Wednesday, December 11, 2013

Reader Advice Day: Orthorexia Concerns for a Nutritarian


I received an e-mail last week that I really need to share with you, so here goes:

"Hello,

I wanted to let you know how much I love your blog and your photos!!

Here is my issue.........I suffer from major OCD/food anxiety. Since eating this way, 7 years ago, I have become so OCD about food. I think of nothing else. I have anxiety around food that I have never had before reading all of these plant based books. I obsess over salt, sugar, and oils. I want them then I don't, I want them, then I don't. Dr. Fuhrman especially makes me incredibly anxious.

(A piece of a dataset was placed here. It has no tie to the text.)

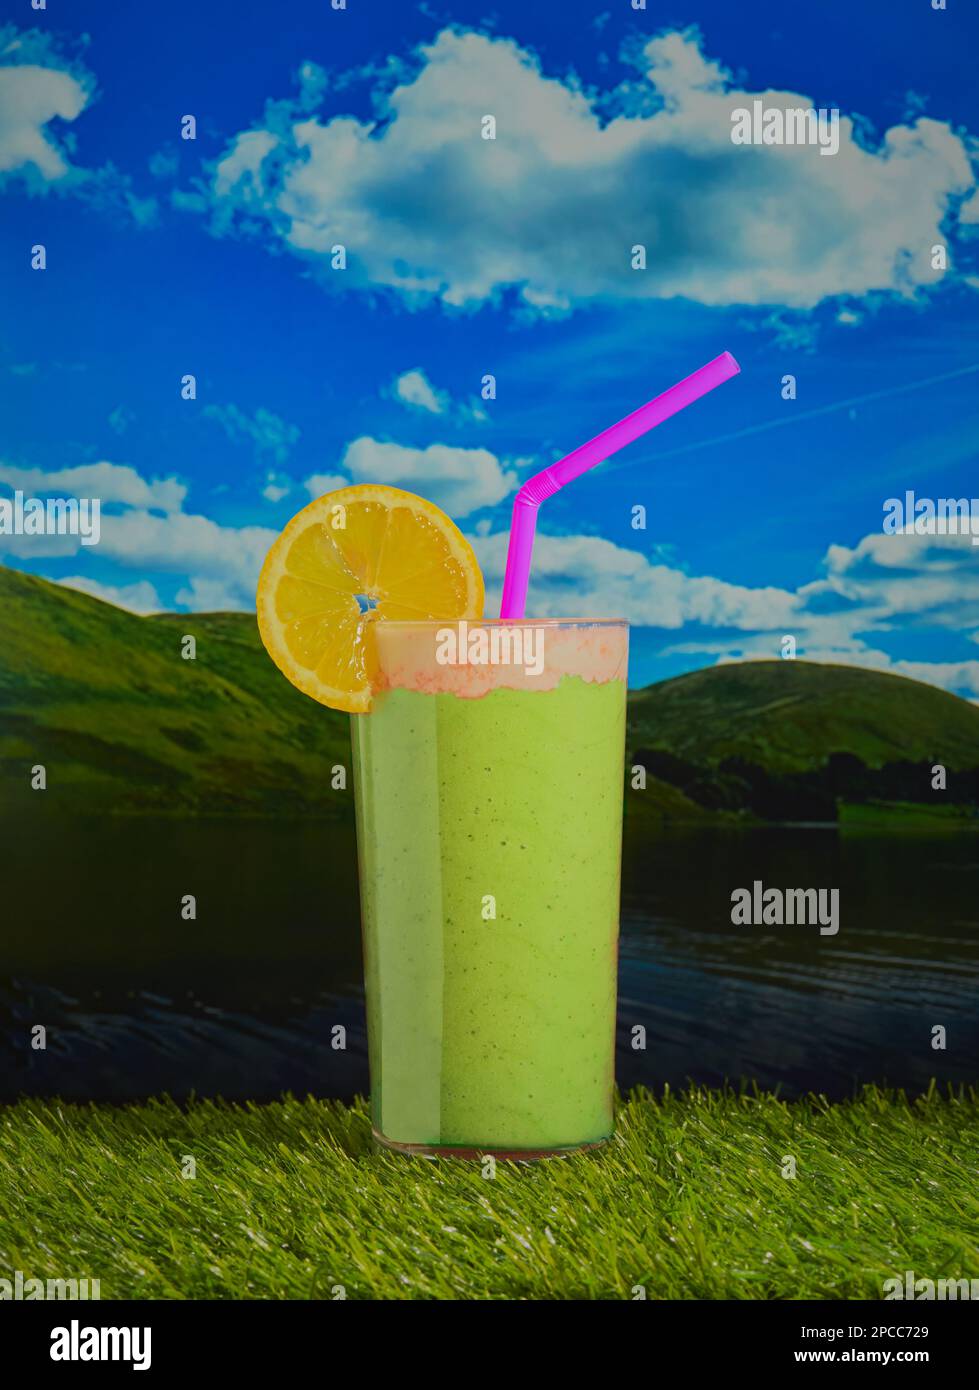 Lebhafter grüner Smoothie garniert mit Creme und einer Zitronenscheibe, aufgenommen auf einer Außenlandschaft mit Hügeln und blauem Himmel mit flauschigen Wolken. Stockfoto

Have you ever heard of this or do you experience this?

Just as a side note, I am not over weight, I am only 110 lbs and 5'2, so that is not my issue. I eat this way because I have horrible skin and it keeps my skin decent, not perfect, but decent.

It gets so exhausting to be like this that some weeks I give up and just eat junk food vegan and then the next week I go back to strict nutritarian then I go to a more starch based diet, it is one big cycle of obsession. Any tips, thoughts, books, advice? You seem very balanced and I love that about your blog.

Thanks for everything!

P.S. Plus I am trying to feed a two year old and my husband is not on board with this way of eating so it is a constant battle, it adds to my anxiety. Sometimes I just wish I have never read all of this information. Ha!

Annie"

In case this is the first that you have heard of the term "Orthorexia," please take the time to read the Wikipedia definition here.

I'm going to propose that real Orthorexia is probably somewhat rare, but I really have no idea. What is probably more prevalent amongst readers of Healthy Girl's Kitchen is not full blown Orthorexia, but varied experiences with anxiety over food choices, either now or in their past.

I can only tell you what my experience has been, as I am not a professional.

I have obsessed about food since I can remember. My earliest obsessive food memories are from when I was about four years old. You can read my story here. I am no stranger to this disorder. I remember when I was about twenty years old realizing that I woke up thinking about food and I went to bed thinking about food. What I was going to eat and when I was going to eat it was a major preoccupation for me for years.

Fast forward twenty years. I can tell you that I do not wake up thinking about food anymore, nor do I go to sleep thinking about it. The obsession is gone. I now think about food for three reasons:

(1) hunger
(2) meal planning for future meals/entertaining/blogging
(3) fun conversation about recipes with like minded people

My thoughts about food are no longer anxious thoughts. I believe this is because starting three years ago and for the first time in my life, I began eating enough fiber and nutrients that I am actually full--my belly is full of food and my cells are full of nutrition and energy.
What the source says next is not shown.